Mayhem And Ghouls
While waiting for the wee (and not so wee) beasties to come begging for candy I kept an ear on the scanner to see what else was going on in the area. It sounded to me like a fair number of teenagers decided to skip the treat business and proceed directly to trick. There were calls for teenagers driving wrecklessly, teens harassing trick-or-treaters, teens throwing eggs at houses and cars, and even one about teens throwing water balloons from their cars at other cars (almost causing the caller to have a wreck).

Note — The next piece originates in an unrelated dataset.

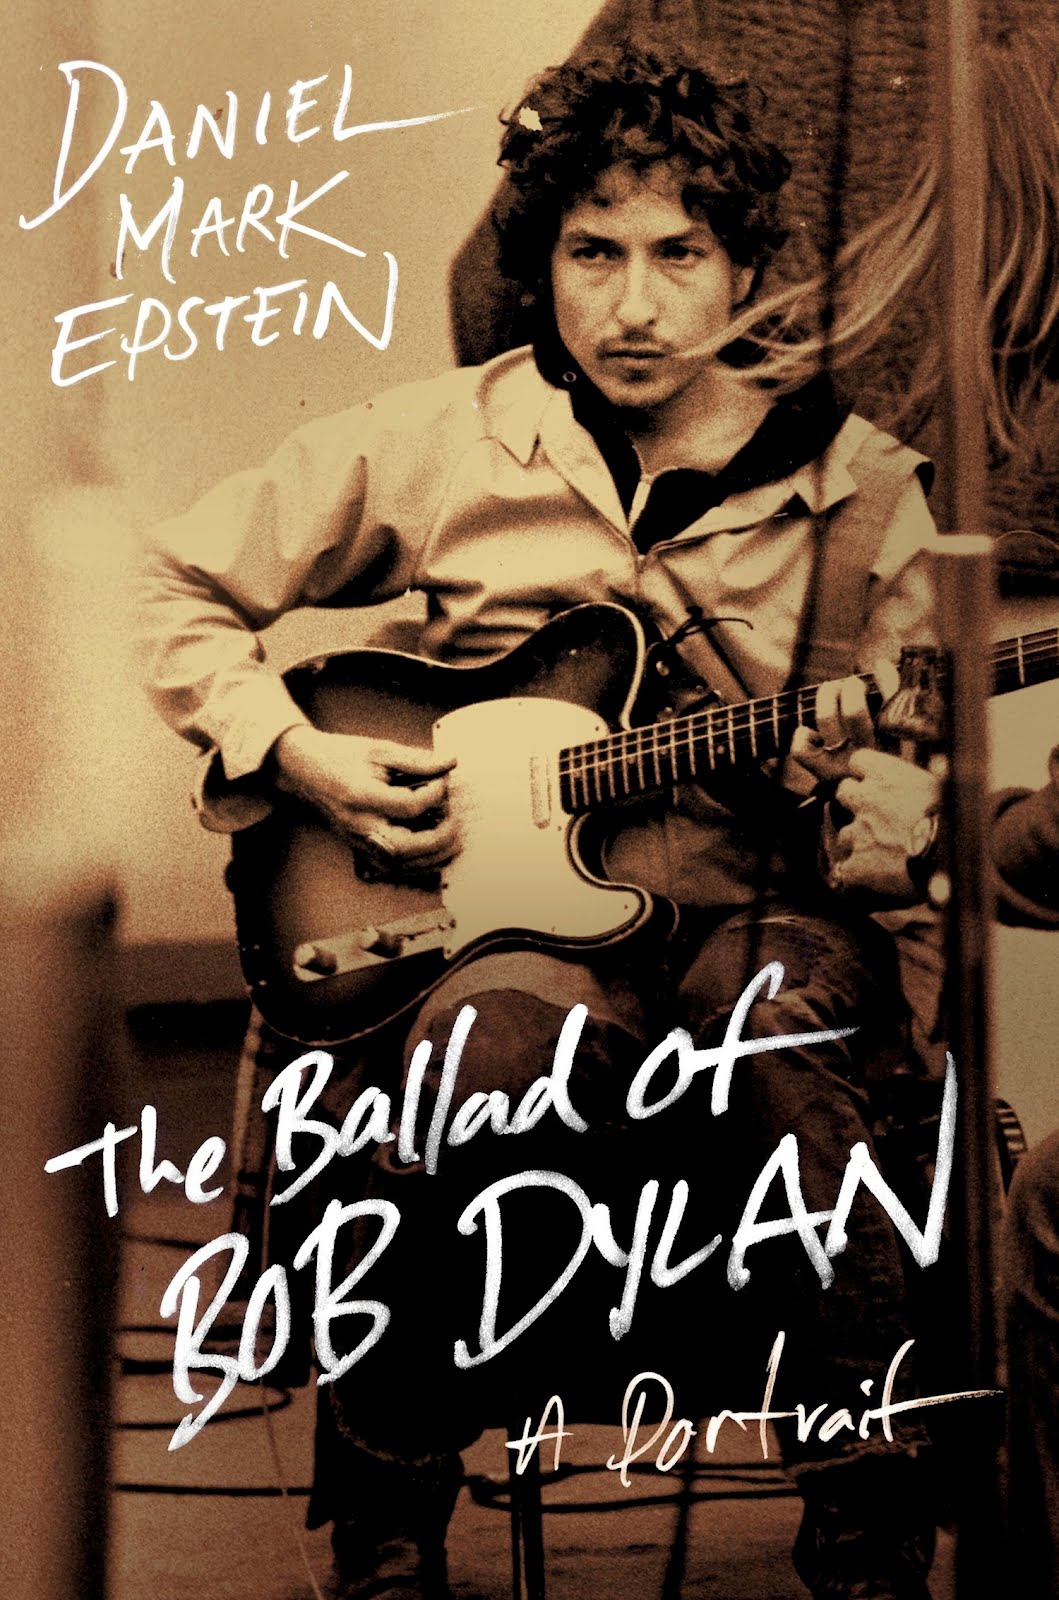 The ballad of Bob Dylan A Portrait

The calls stopped about the same time as the trick-or-treaters petered out, which was the same time a thunderstorm rolled in. Unfortunately, this left me with a pile of candy. Since I don’t go into the office any more, I can’t pawn this stuff off on my coworkers. I think most of it will land in the trash, especially the smarties and those nasty little Marvel candy sticks (the boxes were cool, but the candy sucked).
Dude, I will take the Smarties off your hands. I’m addicted. I can go through a whole 2-pound bag in a weekend. They’re a major weakness.
On second thought, maybe you *should* just toss ‘em. And sorry about the “dude,” dude. I just get so…California when Smarties are in play.
I ended up dumping at least two pounds of Smarties. I’d gotten the three pound bag, and had only given out a few.